## Data:
◇ ◇ ◇

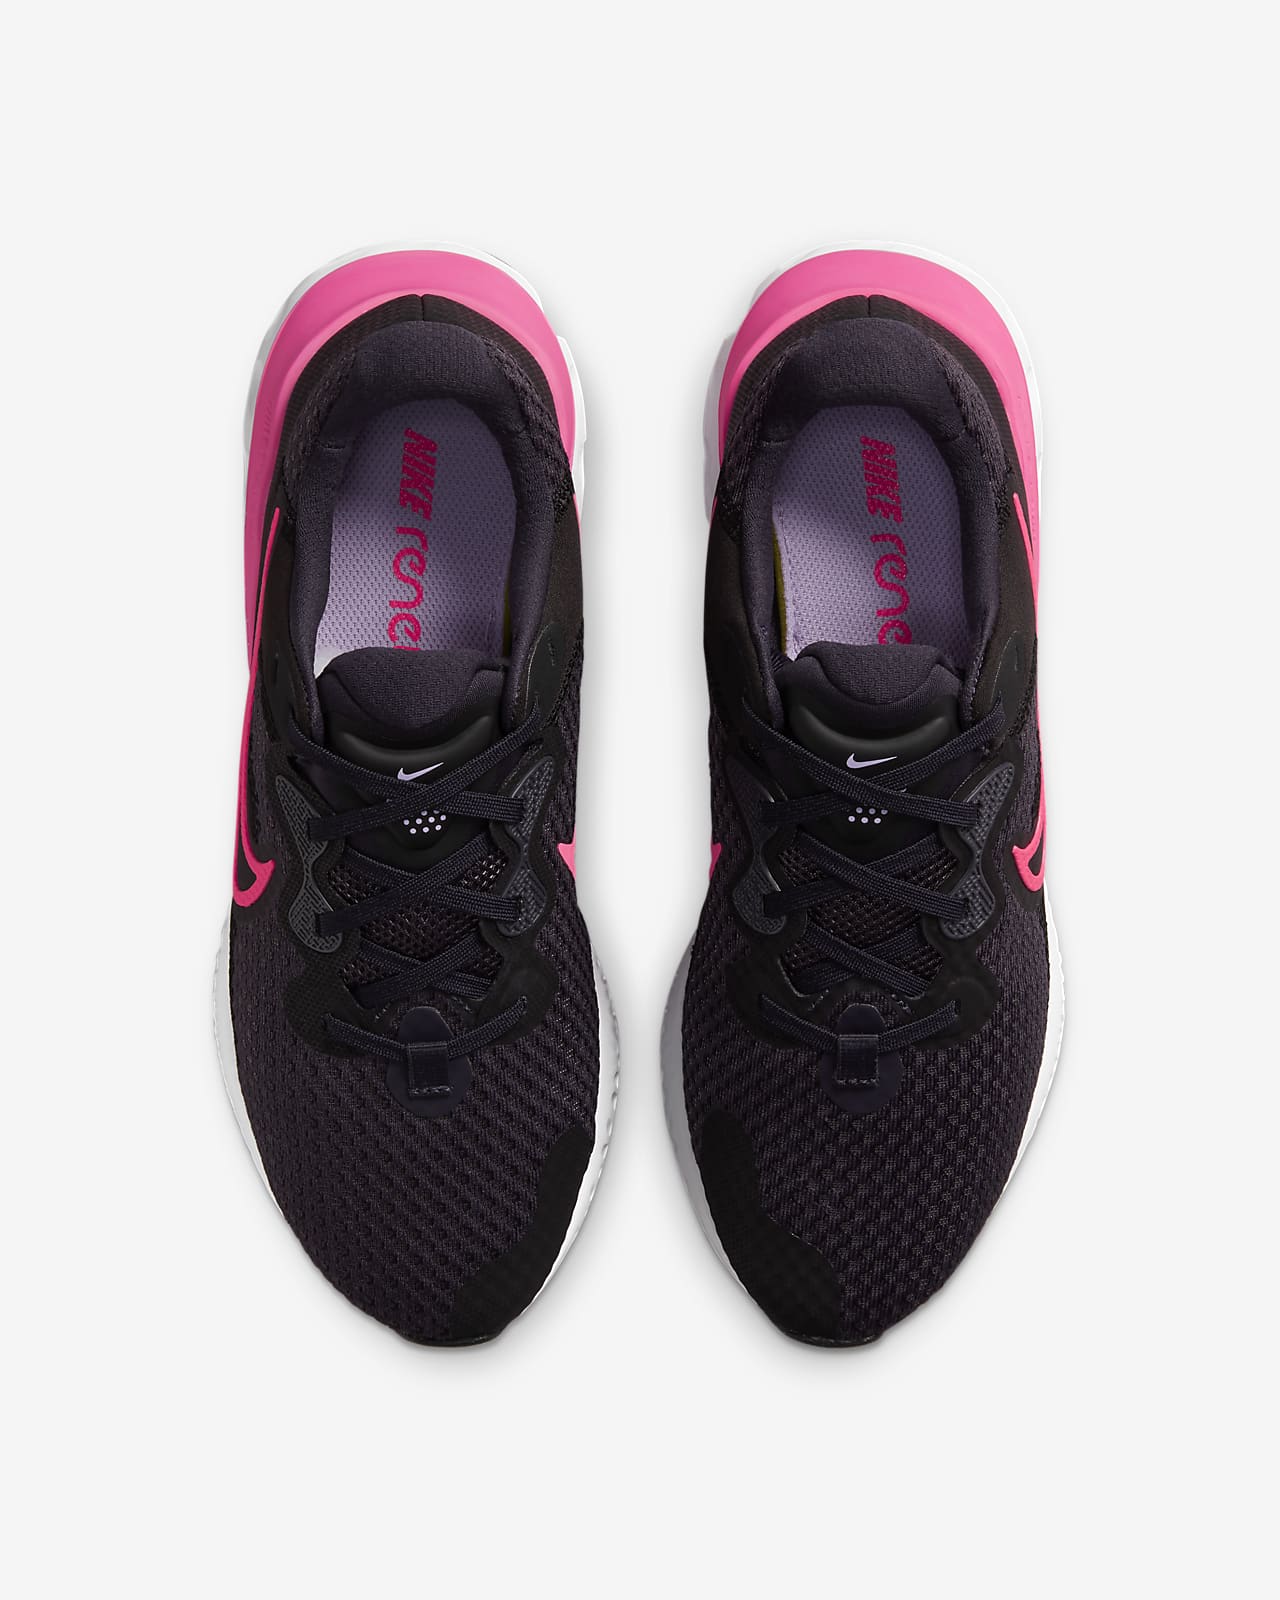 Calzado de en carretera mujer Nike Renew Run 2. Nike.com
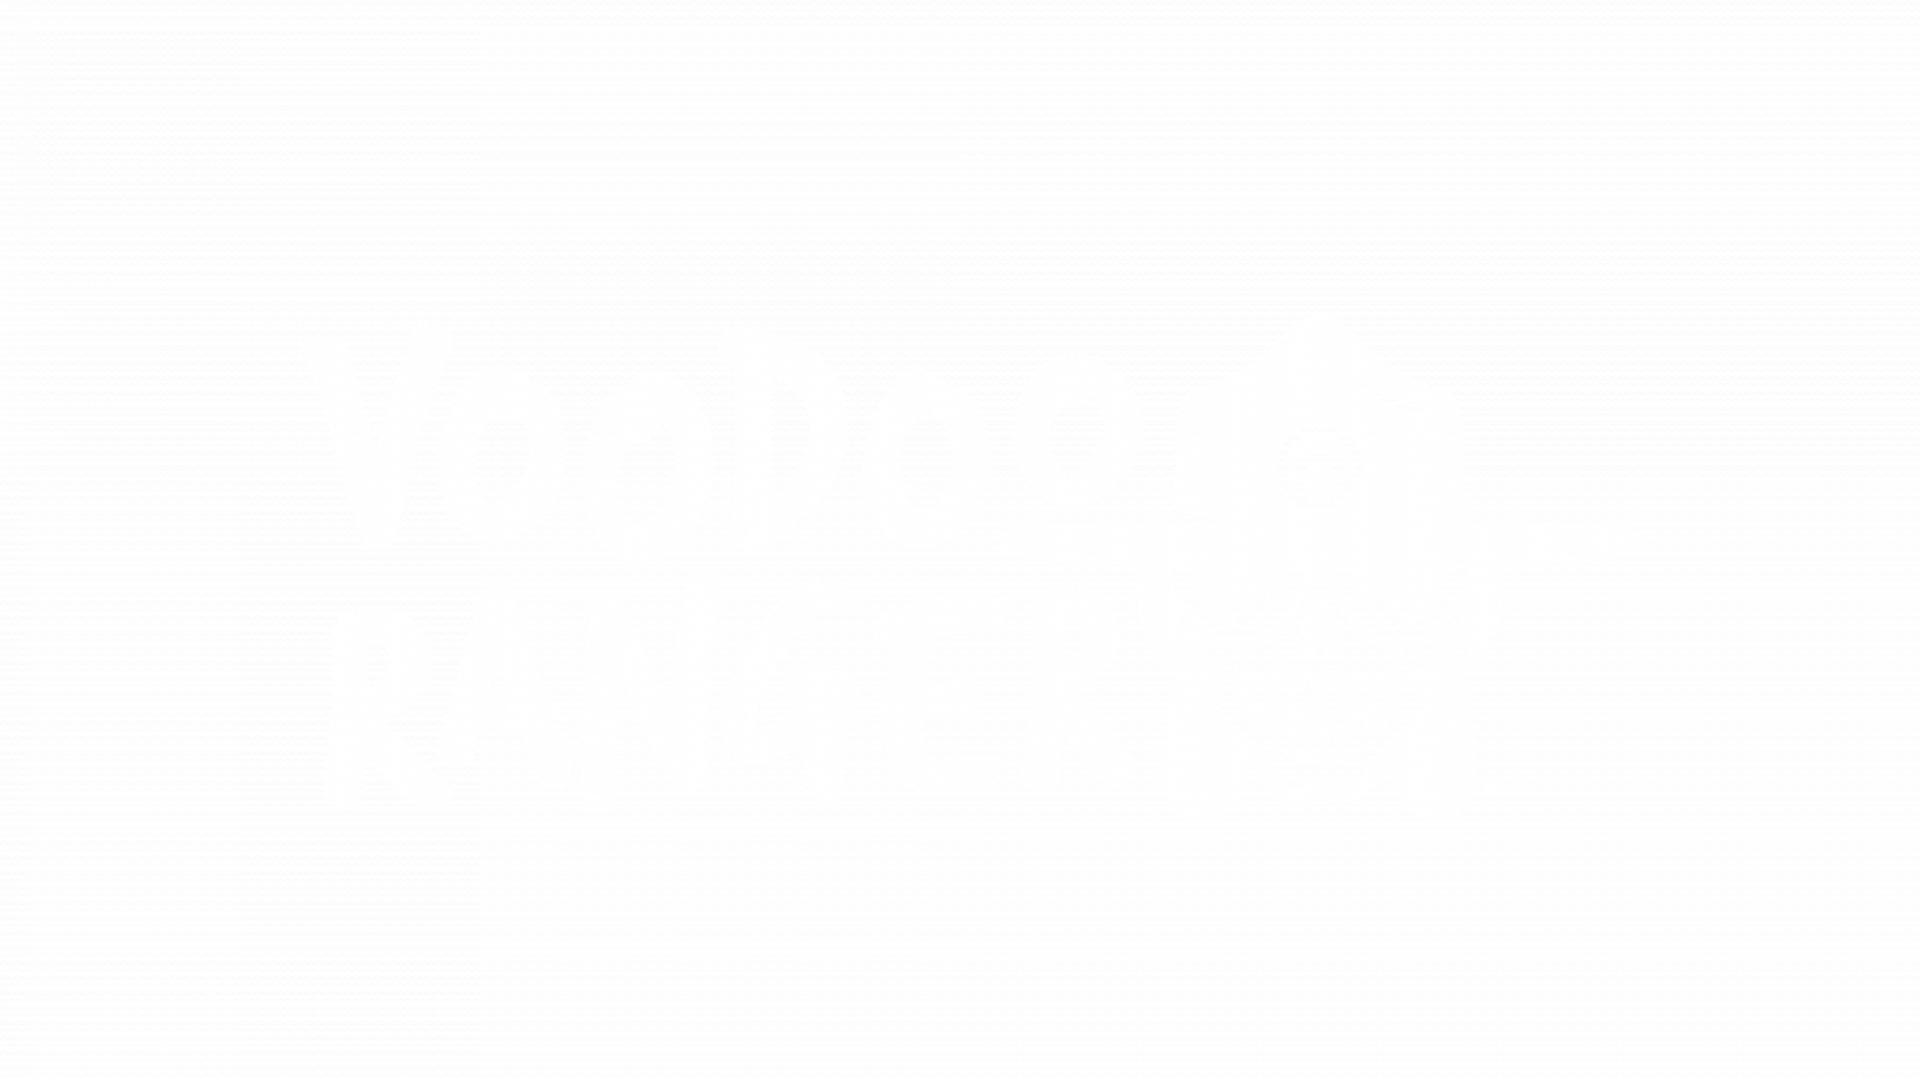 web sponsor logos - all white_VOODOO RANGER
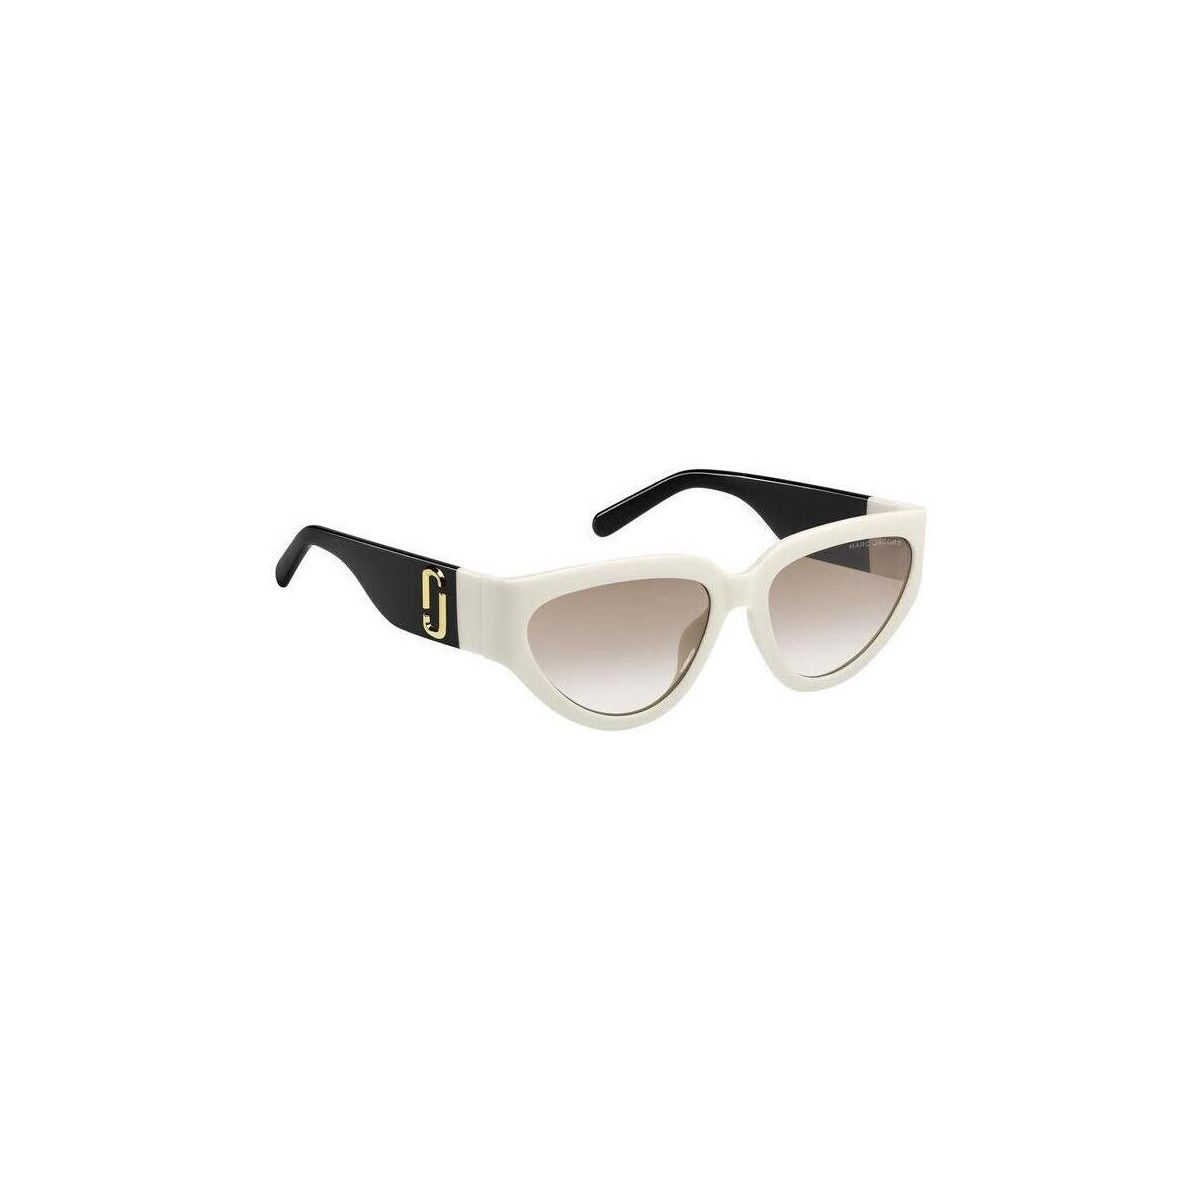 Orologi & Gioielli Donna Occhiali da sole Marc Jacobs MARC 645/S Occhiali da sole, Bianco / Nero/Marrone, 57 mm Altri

◇ ◇ ◇

## Action item:
Print the listing exactly, minus its pictures.

## Worked solution:
 Calzado de en carretera mujer Nike Renew Run 2. Nike.com
 web sponsor logos - all white_VOODOO RANGER
 Orologi & Gioielli Donna Occhiali da sole Marc Jacobs MARC 645/S Occhiali da sole, Bianco / Nero/Marrone, 57 mm Altri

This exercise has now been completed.